We jammed the beams under the mower deck, and after a few failed
attempts, the deck groaned and flipped free of the stump and onto the
lawn. We peered down at its bent blades extending skyward.

"It's vaguely Xiphosuran, but like no beast I've ever seen," I mused.

"A beast nonetheless. Let's toss it in the shed." Which we did.

While Stilton puttered some more in the shed, I climbed into the
tractor's seat, stepped on the clutch, and twisted the key. The engine
spoke with characteristic authority. I took a slow lap around the yard
to warm it up, then advanced the governor and took a brisker lap
before coming to a stop where Stilton now stood in front of the shed.

"Back up on the horse," I ordered, as I relinquished my seat.

He hopped on and steered a couple of figure eights, then upshifted,
advanced to full throttle, and raced to the farthest corner of the
yard, careening it as he rounded back towards the house. "Whoooo!" I
heard him howl as he shot out of sight into the front yard. I heard a
garage door open, then close, and then he reappeared with two beers
and a hacksaw in one hand and an axe and sledgehammer dangling from
the other.

"Closure," he declared, whereupon we drank and smashed the shit out of
that fucking stump and the rusty pipe in it. A shadow moved across our
project, and I looked up to discern its origin.

"Oh! Hi Gudrun," I said.

"Hey Oggie," she replied. "I've only been after him to take care of
that stump for a year or so. How did you get involved so soon?"

"Well, he's bribing me with beer, and we're making a game of it."

"I'll have to remember that trick. Well, you two, maybe try not to
stomp the pampas grass so much, OK?"

"Yes, dear," I deadpanned, while Stilton grinned stupidly at his wife.

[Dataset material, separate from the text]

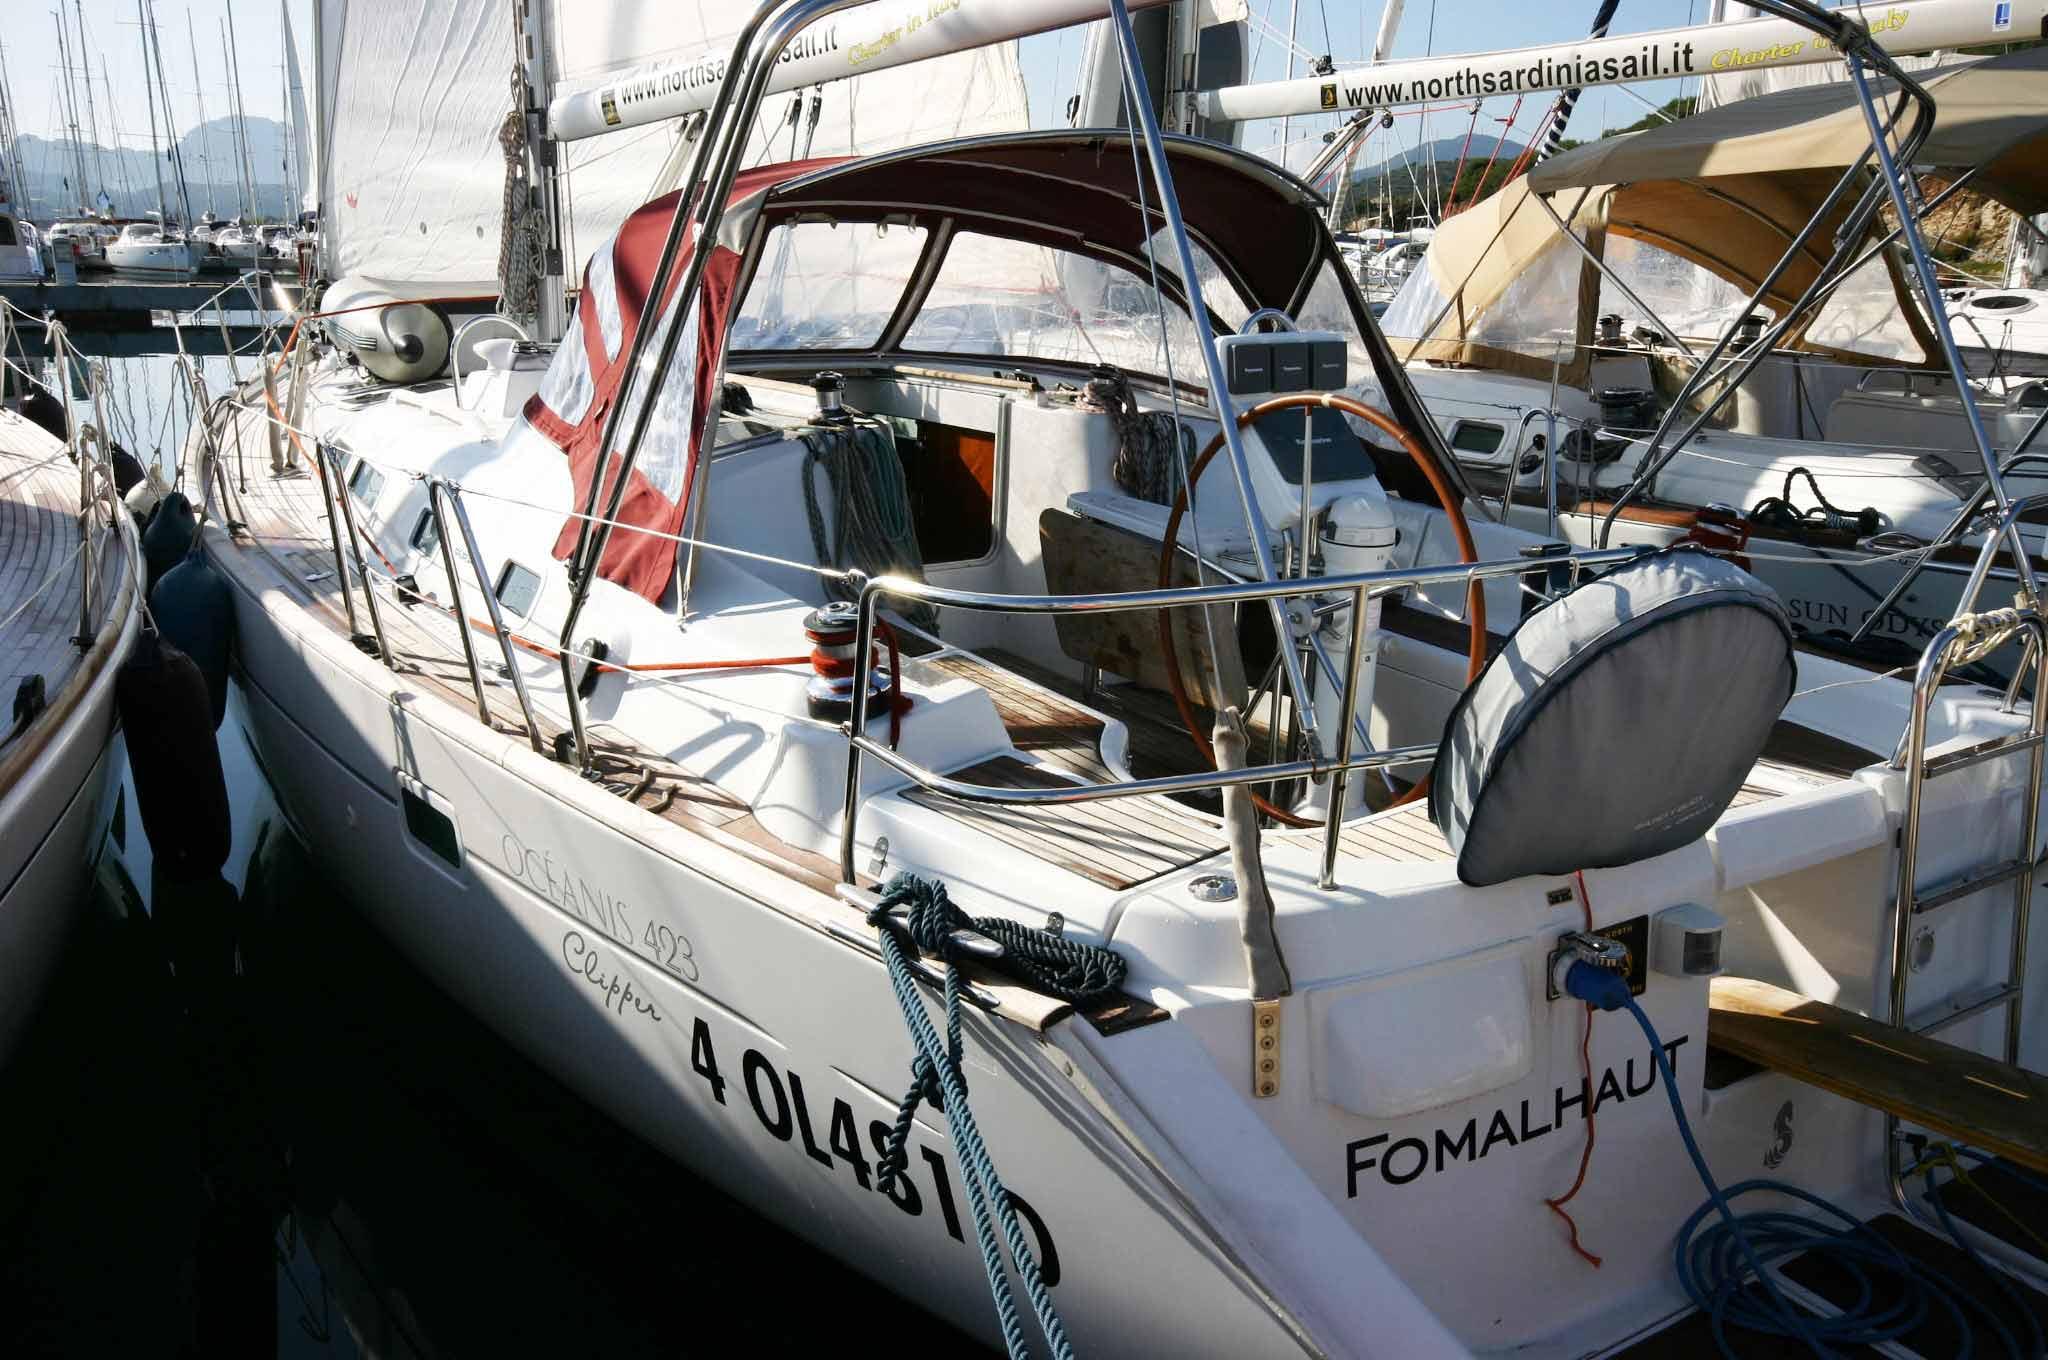 Oceanis Clipper 423 (Fomalhaut)

I would never learn exactly what he told her of the tractor.

Backing the trailer up Stilton's driveway, I see in the rear-view
mirror the garage door rising and Stilton emerging before the maw is
fully agape.

"Nice trailer," he says. "Yours?"

"You don't recognize it? It's our employer's. Zamboni doesn't know
that I know where he keeps the keys to the B&G shed." I shade my eyes
with my hand and peer into the garage. "Interesting collection you got
here, Stilts."

"I'll walk you through it sometime later. Let's focus, Oggie; even
Zambo has been known to work the odd weekend."

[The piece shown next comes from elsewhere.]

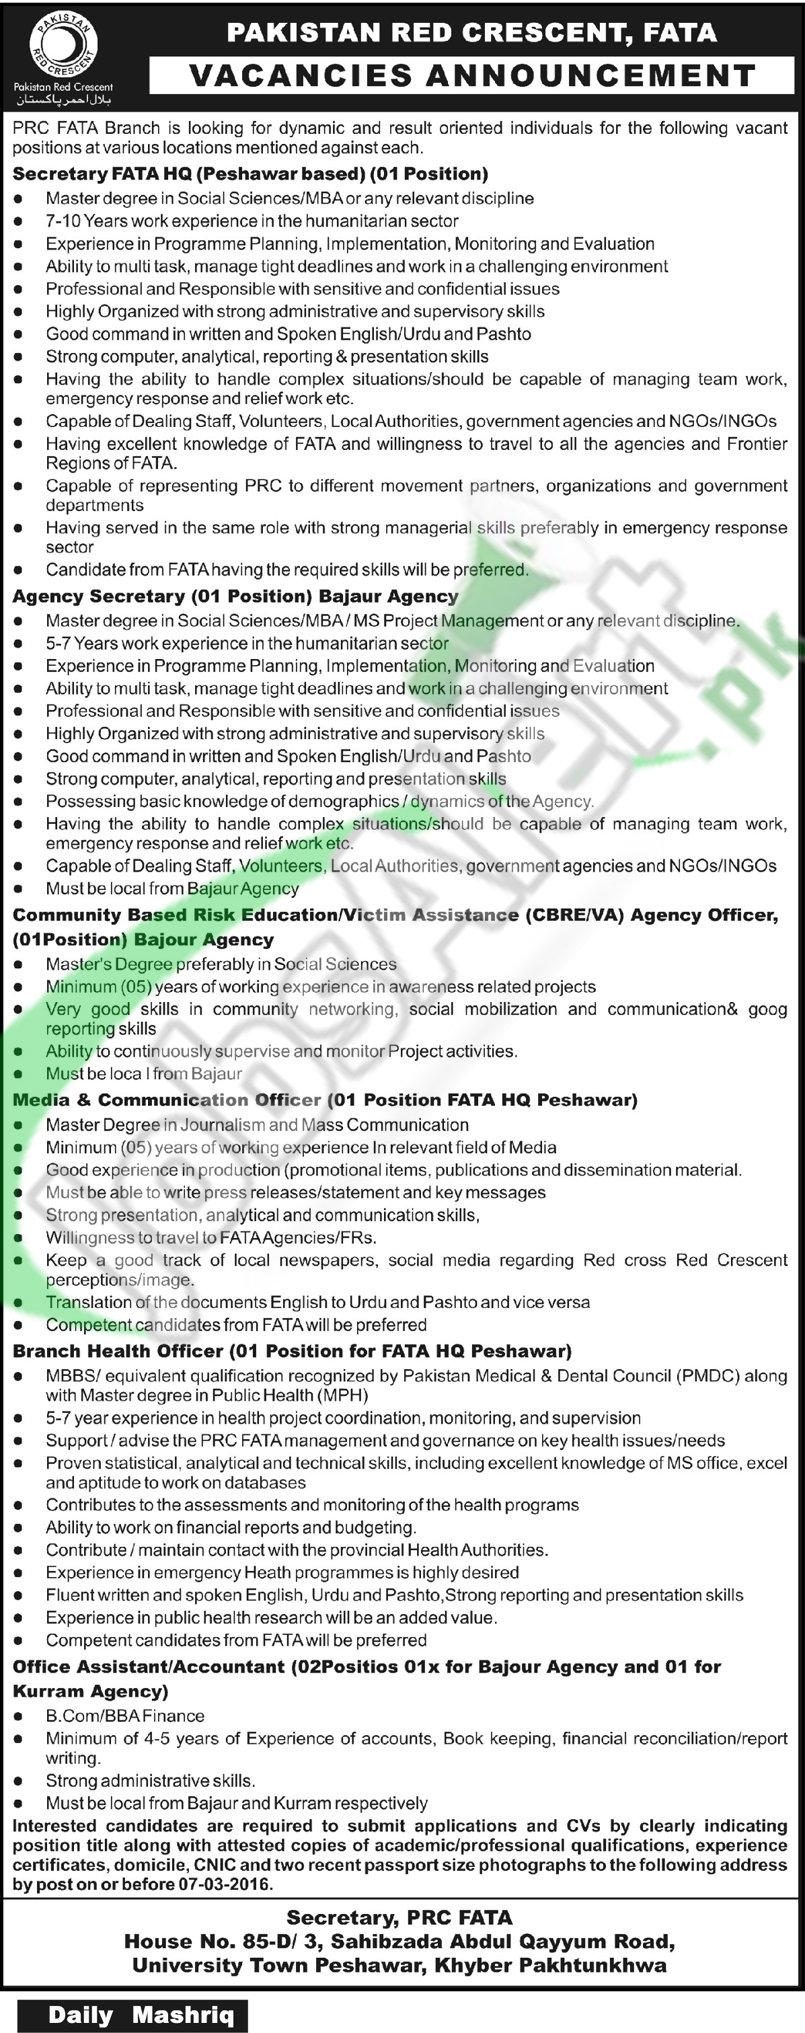 Employment Offers is Pakistan Red Crescent 2016 FATA HQ Peshawar, Bajaur Agency Latest Advertisement

"OK, OK! Does the tractor still have gas and oil?"

"Indeed, but let's wheel it into the light before we start it." As he
disconnects a charger cord from the battery and lowers the hood, I
stoop to run my finger through the dust on a twelve pack of Black and
Tan. "Want one?" he asks while he strains at the tail of the tractor.
I steady the steering wheel and tug on the fender, and it begins to

"Thanks, but it's not quite beer o'clock, and I don't want to arrive
on campus with pilfered property and beer breath. Also, if we’re doing
garage-temperature, the beer should come in a cask."

"That's a rather elaborate rendering of 'No', Og." He is smiling.

"Why stop at one word when a few dozen will do?" I smile back.

He climbs onto the dusty saddle and twists the key to awaken the
engine from hibernation. It spins for several seconds before
combustion becomes manifest, then coughs a few more times before
assuming its regular, thumping idle, over which Stilton declares, "Not
bad for three-year-old gas!"

"That three-year-old gas is spewing onto your driveway," I reply. He
shuts down and we open the hood to discover the badly cracked fuel
line. "You get this with ethanol in modern gasoline," I explain. "But
at least we know the fuel pump is still operational."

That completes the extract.